Spotlight: The Benefits of Biomimicry

Millions of years of evolution have shaped organisms to survive and adapt to Earth in remarkable ways, and engineers have been taking note for centuries. Birds inspired human flight, and supercomputers are often tested against the power of brains, for instance.

Mother Nature continues to make her mark on modern engineering, and some researchers are looking to the smallest creatures, like insects, amoebas, and small sea creatures, to solve big problems. Read about a Harvard group that runs an army of termite-inspired robots, a University of Maryland lab interested in tiny, insect-like drones, and a Cornell researcher trying to understand how living creatures can create incredibly strong crystals.

Harvard’s Wyss Institute is a hotbed of biologically inspired engineering. Computer science graduate student Kirstin Petersen got involved in a Wyss and Harvard School of Engineering and Applied Sciences project called TERMES,  three brick-sized robots that are programmed to build structures out of bricks that are roughly the same size. Petersen joined the lab in 2009, and creates the robots’ control and motion systems.

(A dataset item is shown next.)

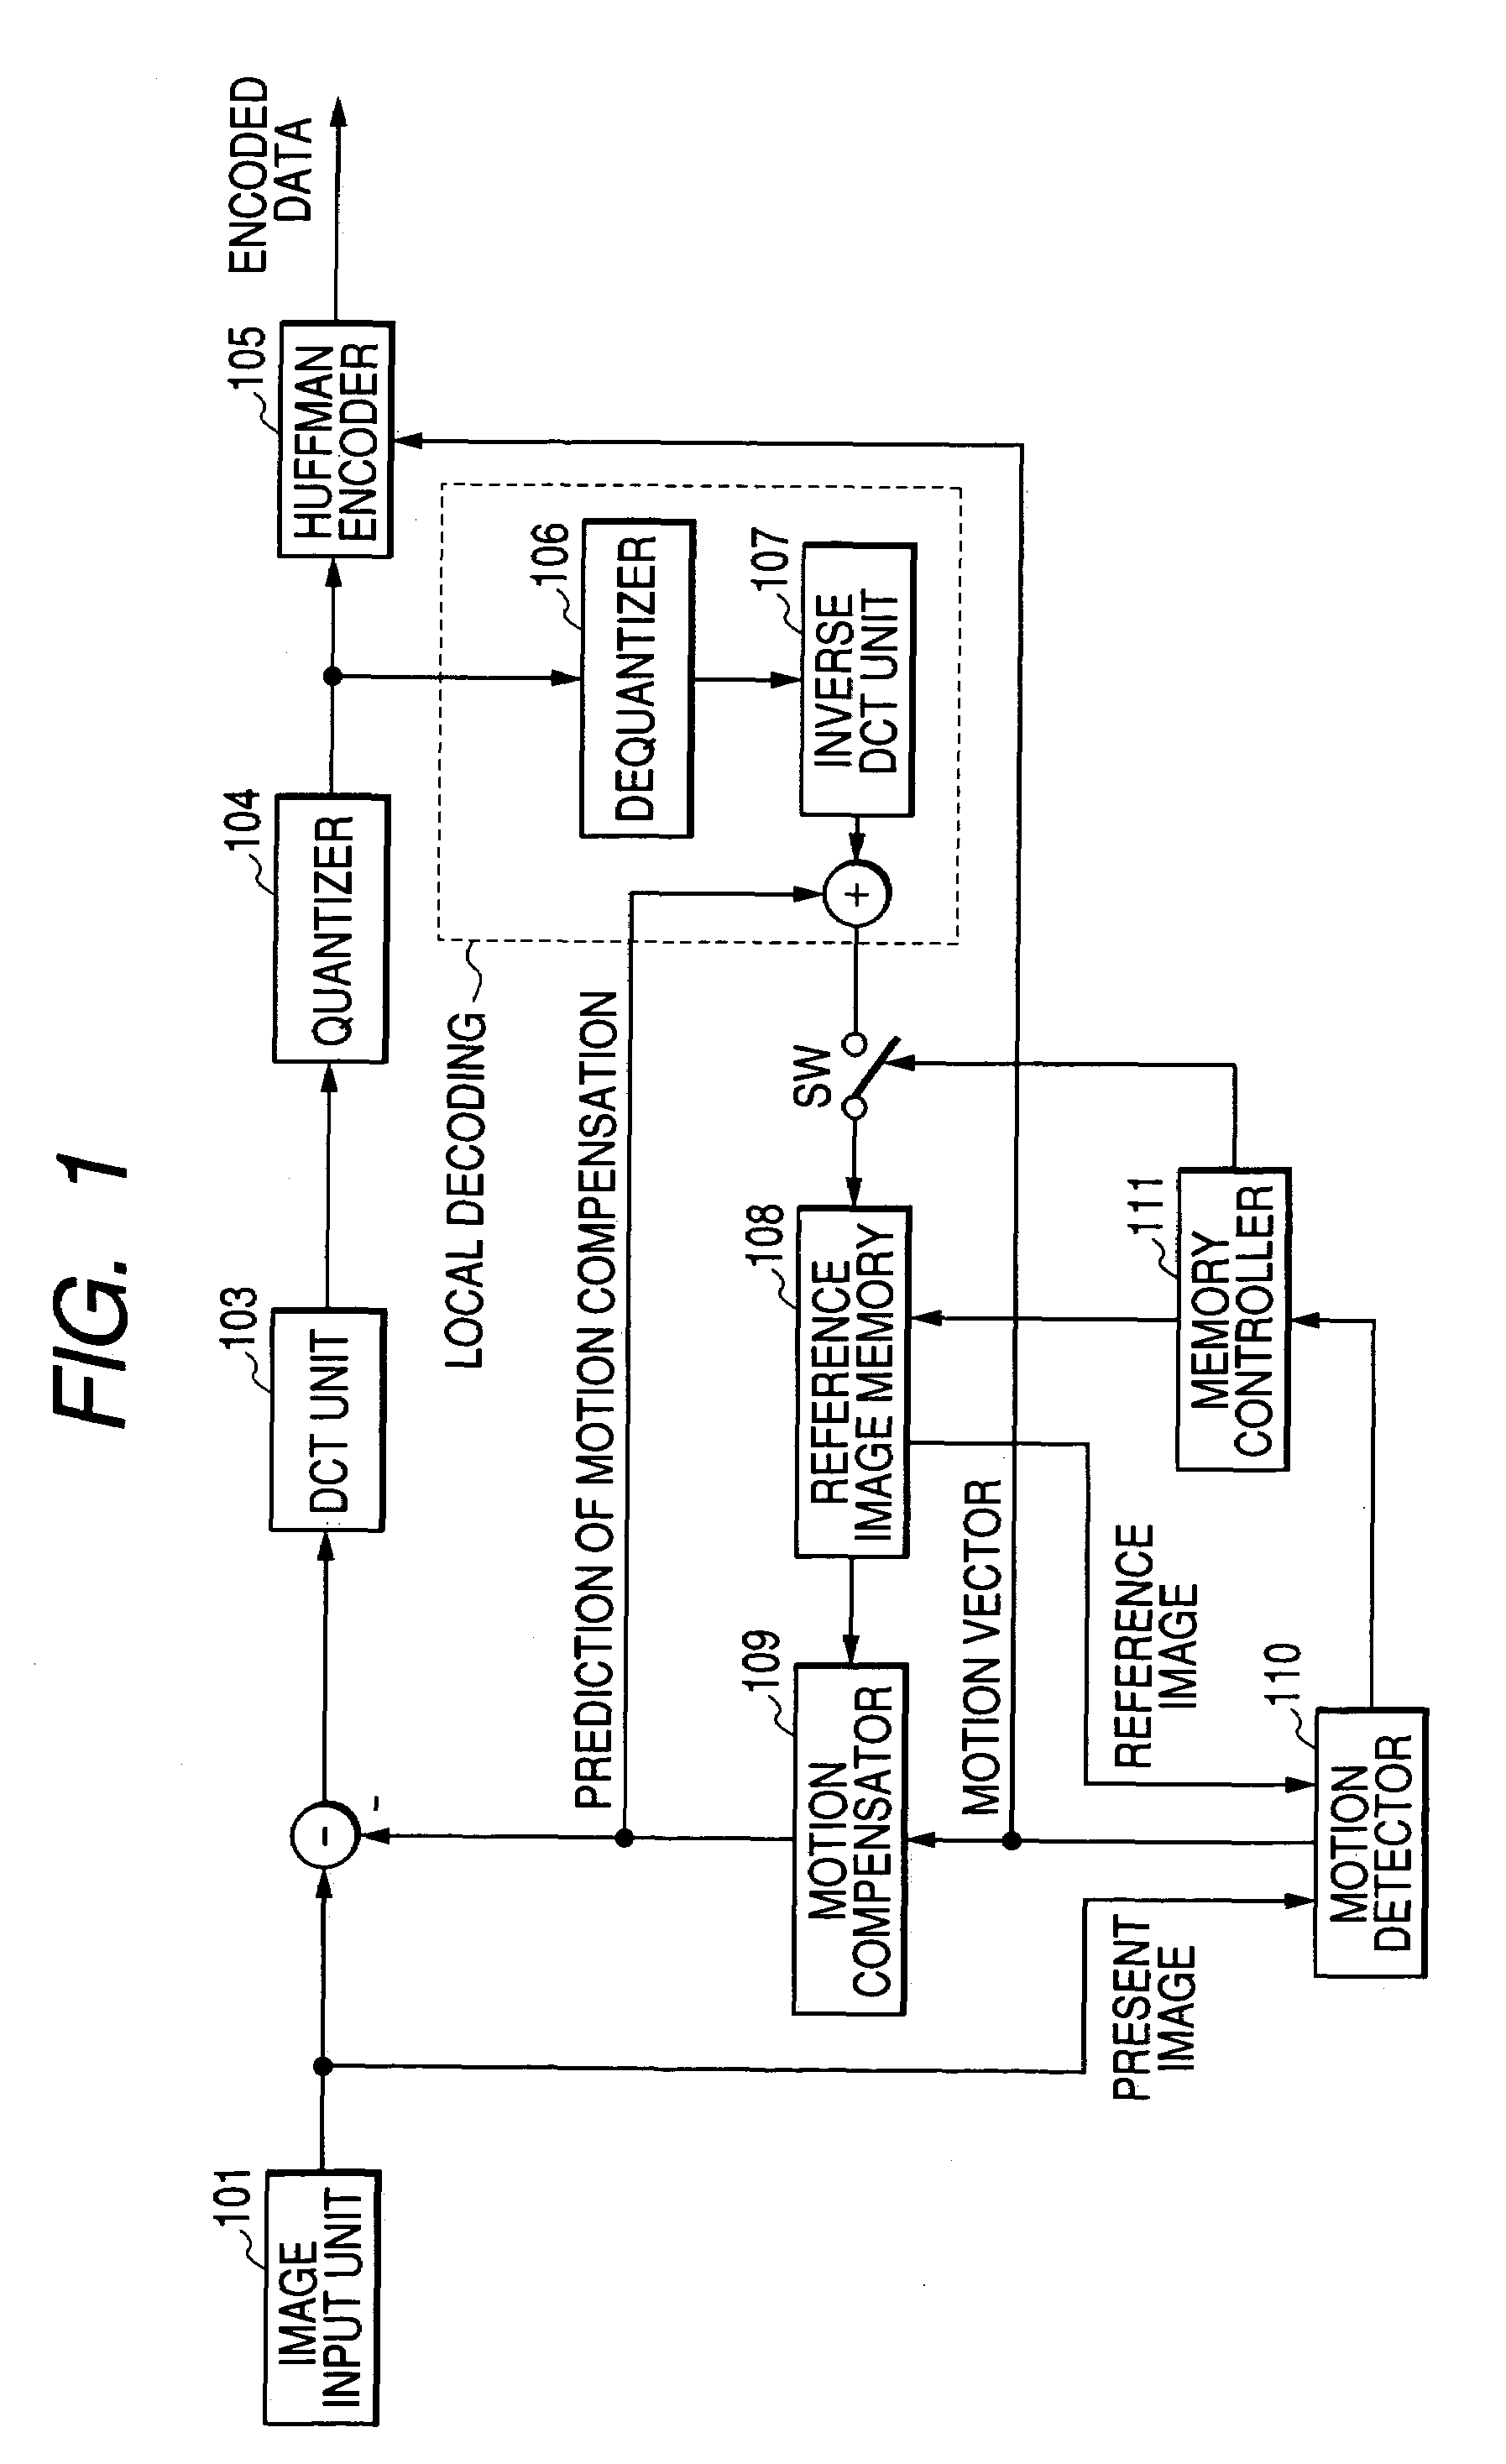 Moving image coding method and apparatus for determining a position of a macro block which is intra-coded or inter-coded

Unlike nearly all other robot “armies” that have industrial uses, TERMES robots have no central command center that controls their every move and action, Petersen tells The Accelerator. Similarly, African termites can build tall, sturdy mounds with vast networks of underground tunnels, although each termite works on its own and does not keep tabs on what other workers are doing. Instead, Petersen said, they work in relation to one another, taking note of other termites’ location and actions and adjusting themselves accordingly. If part of the colony suffers a loss, the rest can keep doing their jobs, she added.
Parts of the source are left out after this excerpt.